ETS(A,A,N): Holt’s linear trend method

\[\begin{split}\begin{align} y_t &= l_{t-1} + b_{t-1} + \epsilon_t \\ l_t &= l_{t-1} + b_{t-1} + \alpha \epsilon_t \\ b_t &= b_{t-1} + \alpha \beta^\star \epsilon_t \end{align}\end{split}\]

[1] also consider an alternative parameterization with $\beta = \alpha \beta^\star$.
ETS(A,N,A): Additive seasonal method

\[\begin{split}\begin{align} y_t &= l_{t-1} + s_{t-m} + \epsilon_t \\ l_t &= l_{t-1} + \alpha \epsilon_t \\ s_t &= s_{t-m} + (1 - \alpha)\gamma^\star \epsilon_t \end{align}\end{split}\]

[1] also consider an alternative parameterization with $\gamma = (1 - \alpha) \gamma^\star$.
ETS(A,A,A): Additive Holt-Winters method

\[\begin{split}\begin{align} y_t &= l_{t-1} + b_{t-1} + s_{t-m} + \epsilon_t \\ l_t &= l_{t-1} + \alpha \epsilon_t \\ b_t &= b_{t-1} + \alpha \beta^\star \epsilon_t \\ s_t &= s_{t-m} + (1 - \alpha) \gamma^\star \epsilon_t \end{align}\end{split}\]

[1] also consider an alternative parameterization with $\beta = \alpha \beta^star$ and $\gamma = (1 - \alpha) \gamma^\star$.
ETS(A, Ad, N): Dampened trend method

\[\begin{split}\begin{align} y_t &= l_{t-1} + b_{t-1} + \epsilon_t \\ l_t &= l_{t-1} + \alpha \epsilon_t \\ b_t &= \phi b_{t-1} + \alpha \beta^\star \epsilon_t \end{align}\end{split}\]

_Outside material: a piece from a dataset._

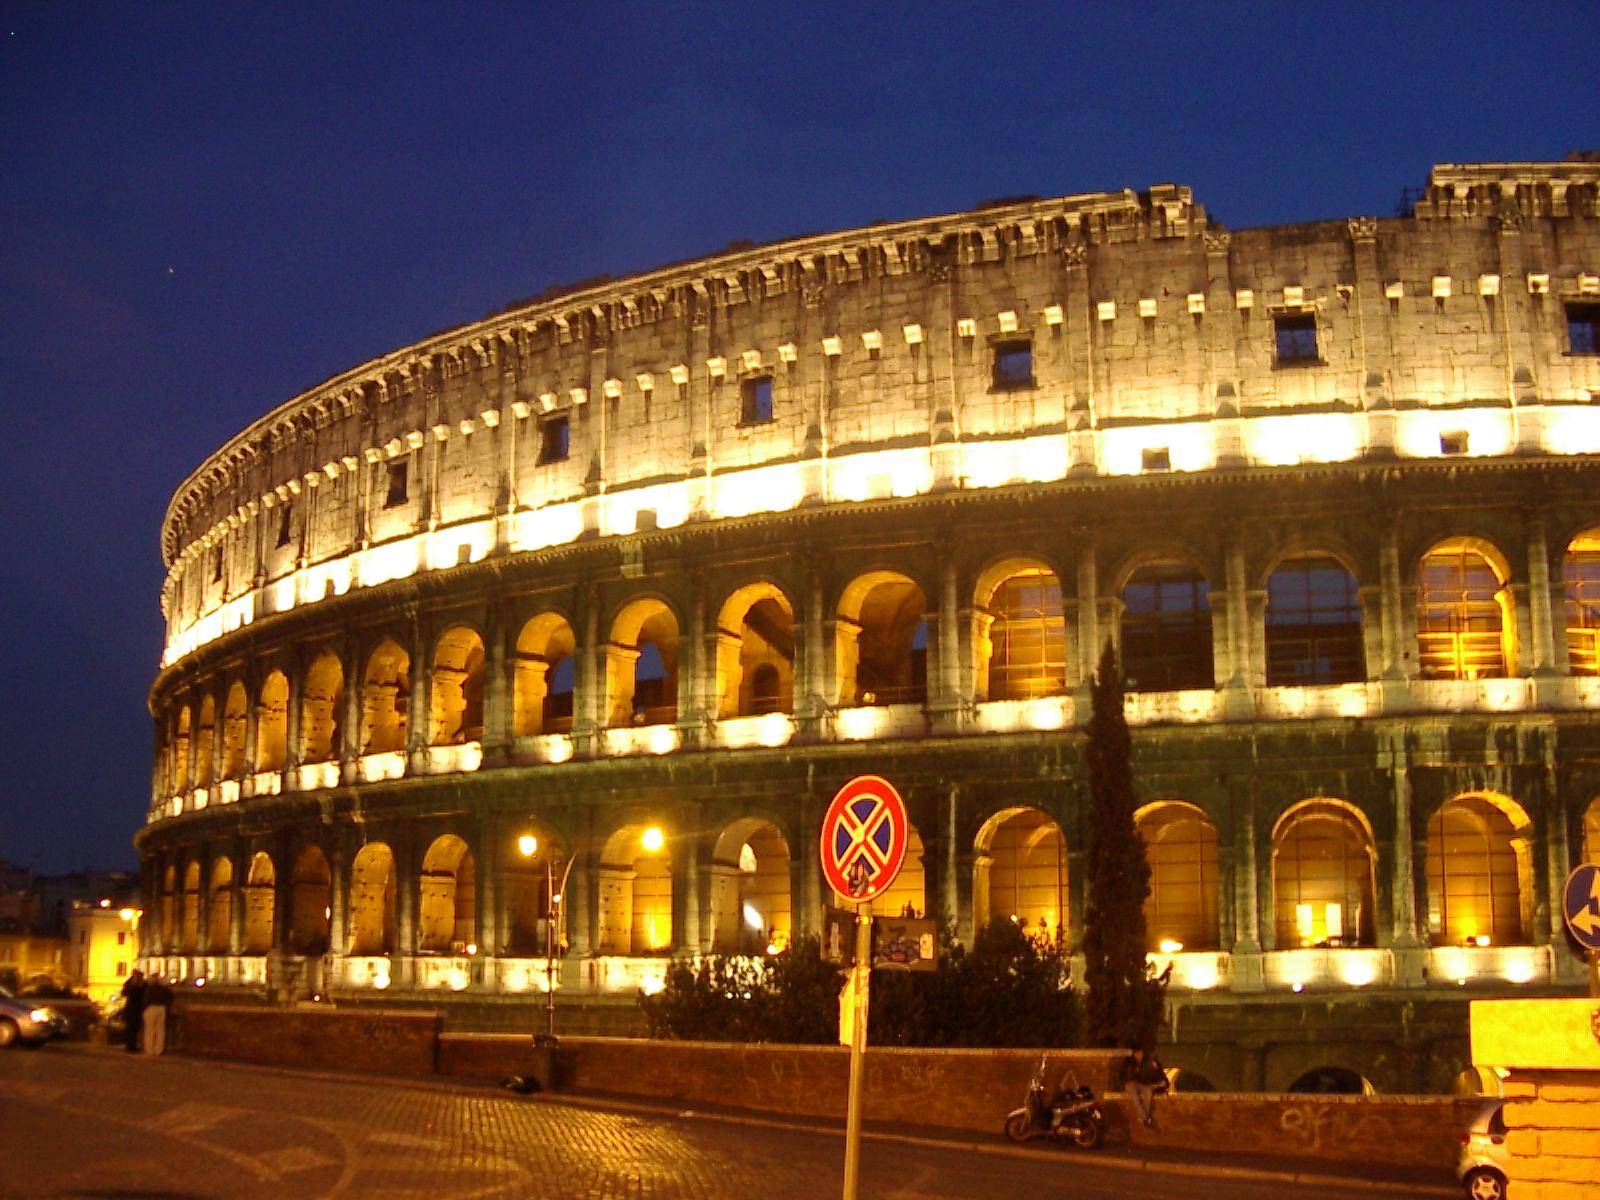 http://4.bp.blogspot.com/_yXYzRab5y7Q/TOR3ZRCgGbI/AAAAAAAAABA/w9gXNaVZG1A/s1600/rome_colisee.jpg

[1] also consider an alternative parameterization with $\beta = \alpha \beta^\star$.
ETS(A, Ad, A): Dampened trend with seasonal method

\[\begin{split}\begin{align} y_t &= l_{t-1} + b_{t-1} + s_{t-m} + \epsilon_t \\ l_t &= l_{t-1} + \alpha \epsilon_t \\ b_t &= \phi b_{t-1} + \alpha \beta^\star \epsilon_t \\ s_t &= s_{t-m} + (1 - \alpha) \gamma^\star \epsilon_t \end{align}\end{split}\]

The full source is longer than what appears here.